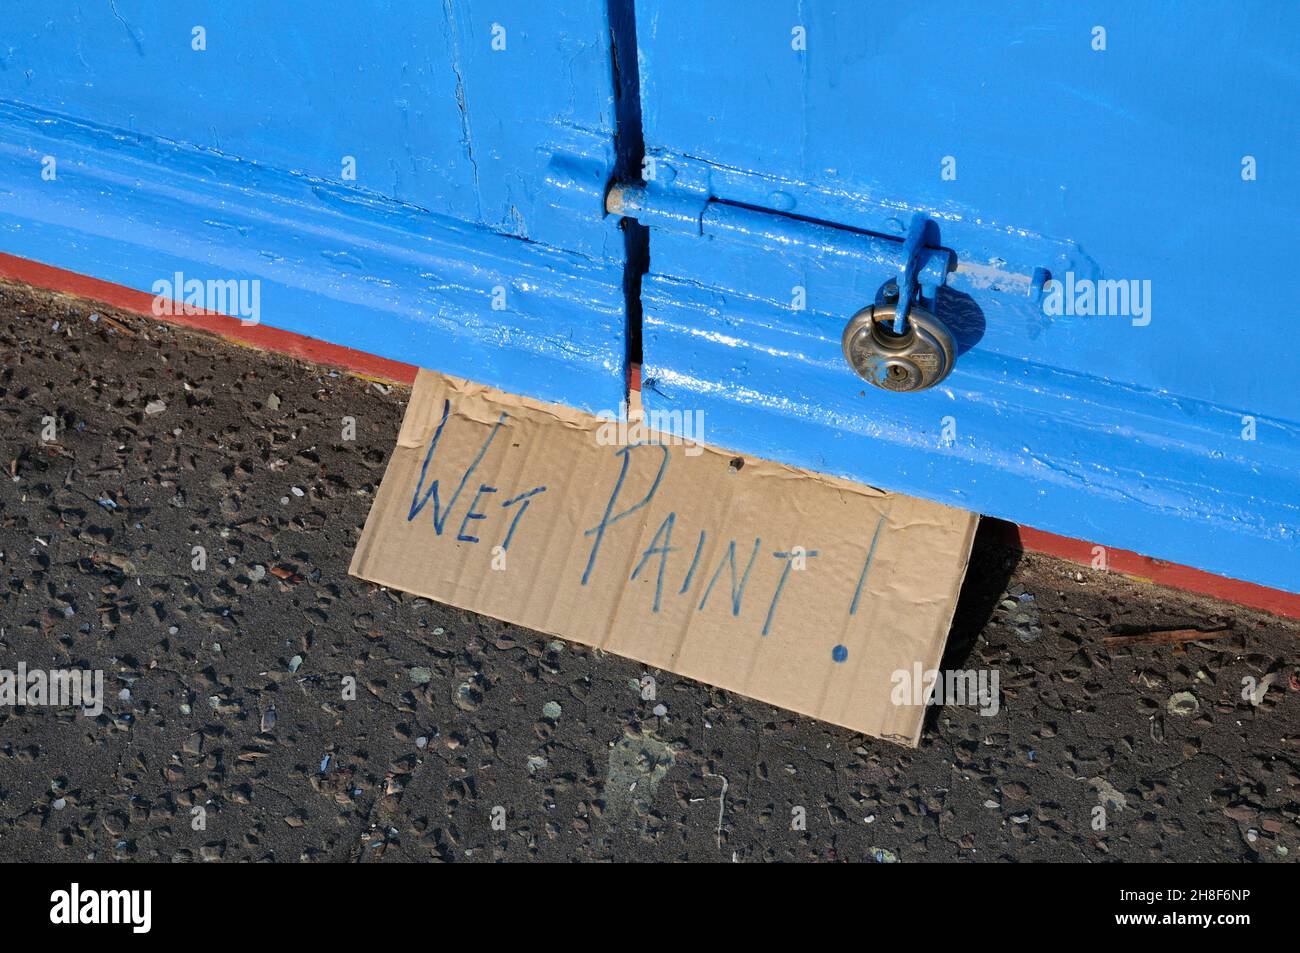 Wet Paint sign written on cardboard Stock Photo
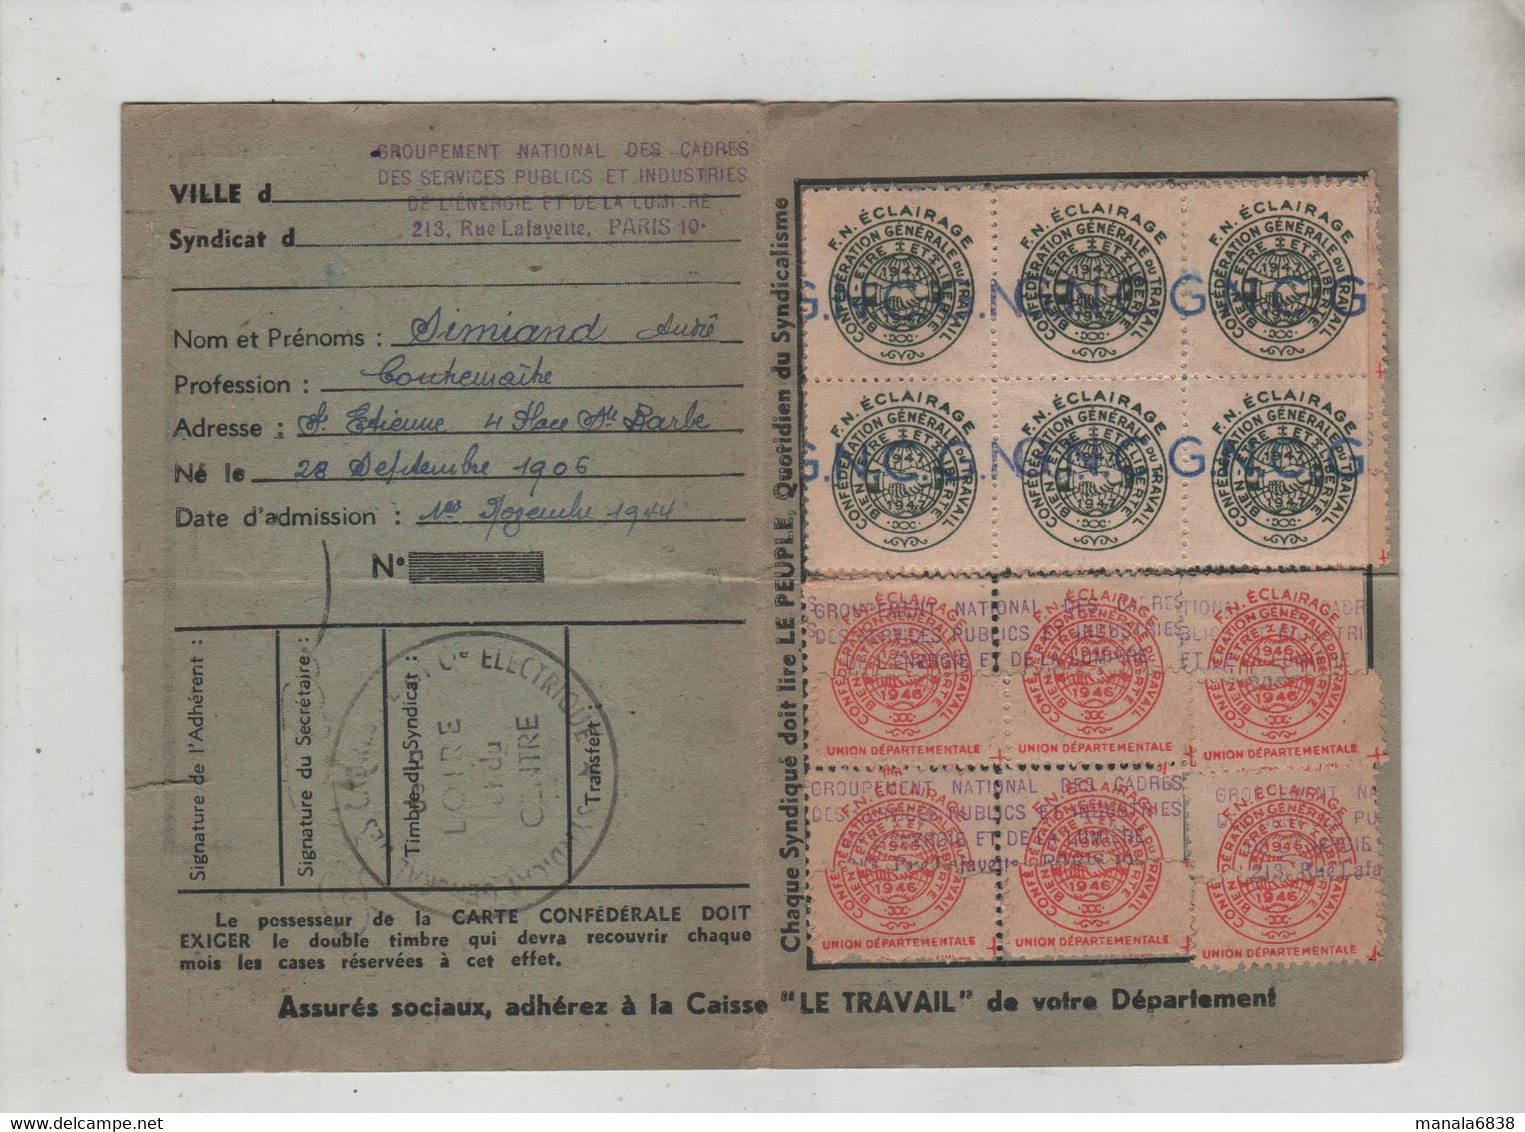 Carte Confédérale 1946 CGT Simiand Saint Etienne - Membership Cards
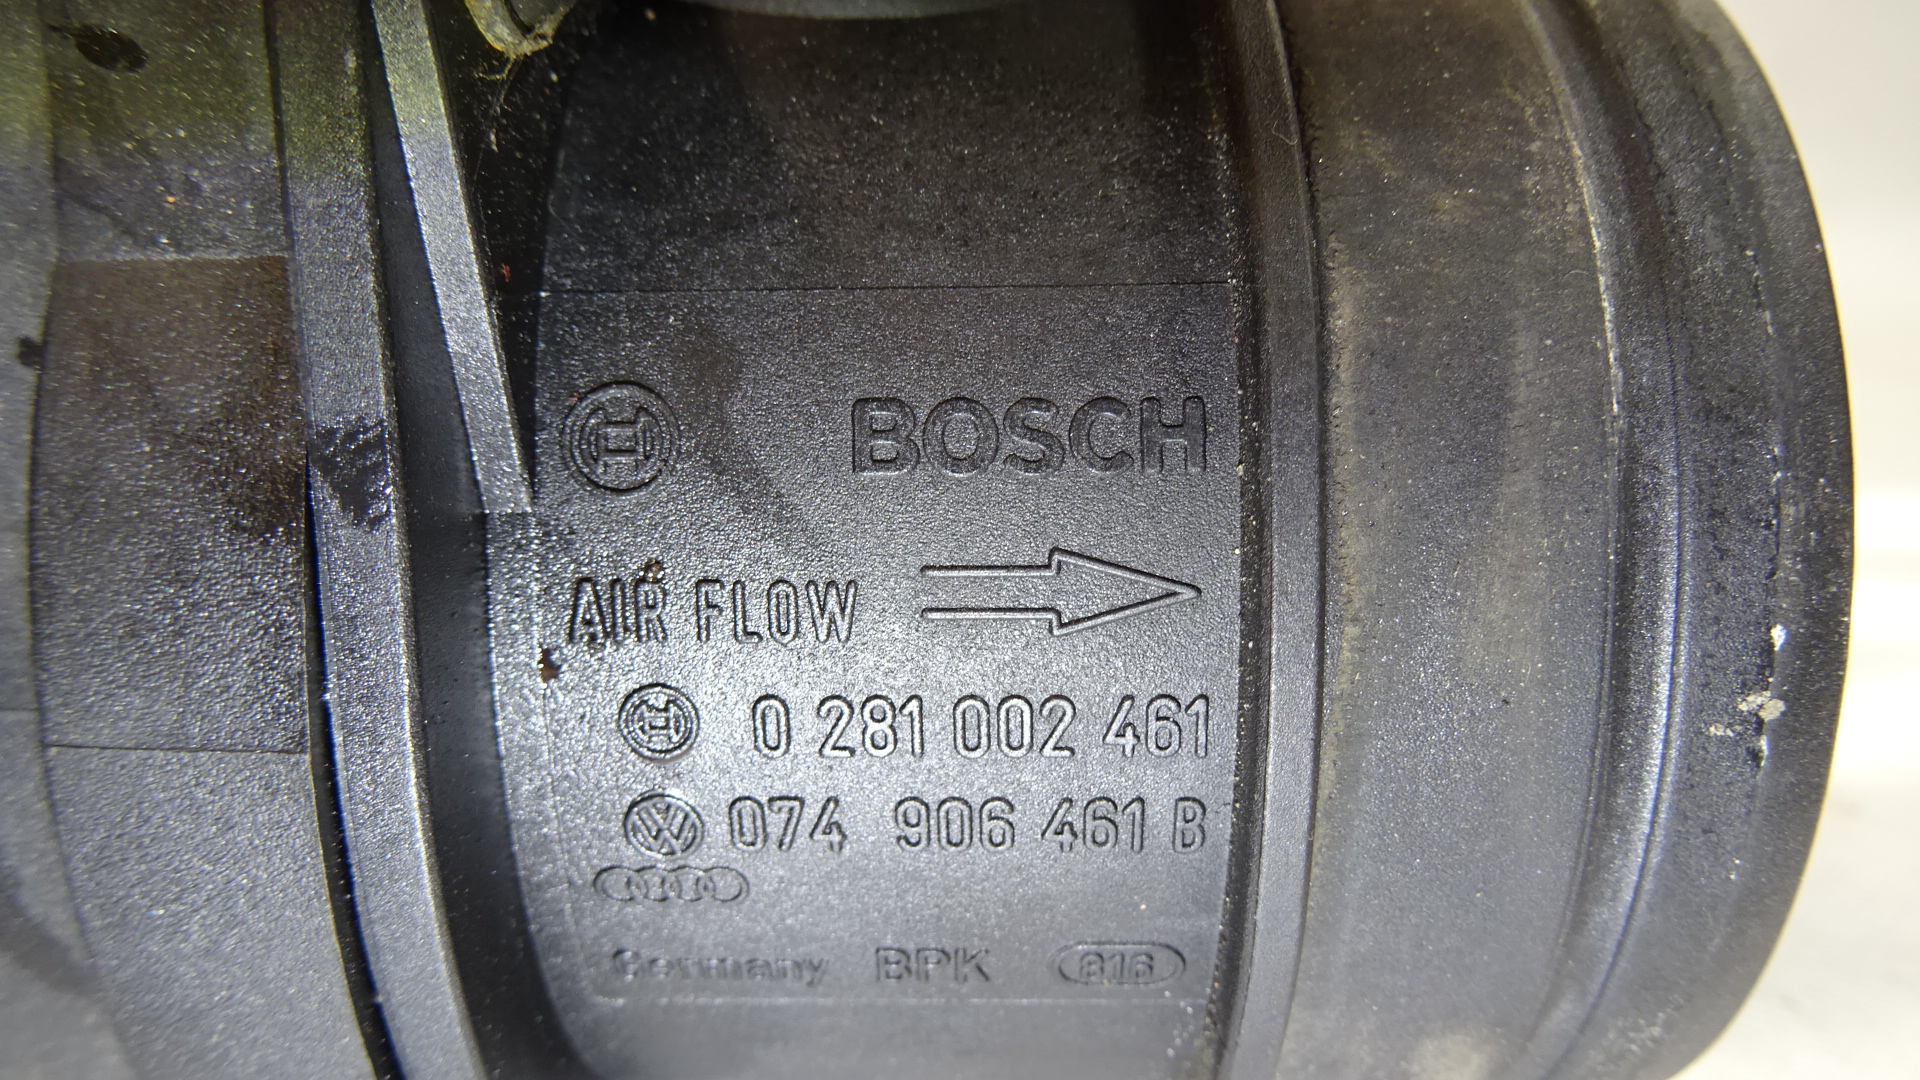 Luftmassenmesser VW Touareg 7L BJ:2004 VW 074906461B, Bosch 0281002461

▸ What is required:
Copy the data in full. No pictures belong in the copy.

▸ Solution for this exercise:
 Wet Paint sign written on cardboard Stock Photo
 Carte Confédérale 1946 CGT Simiand Saint Etienne - Membership Cards
 Luftmassenmesser VW Touareg 7L BJ:2004 VW 074906461B, Bosch 0281002461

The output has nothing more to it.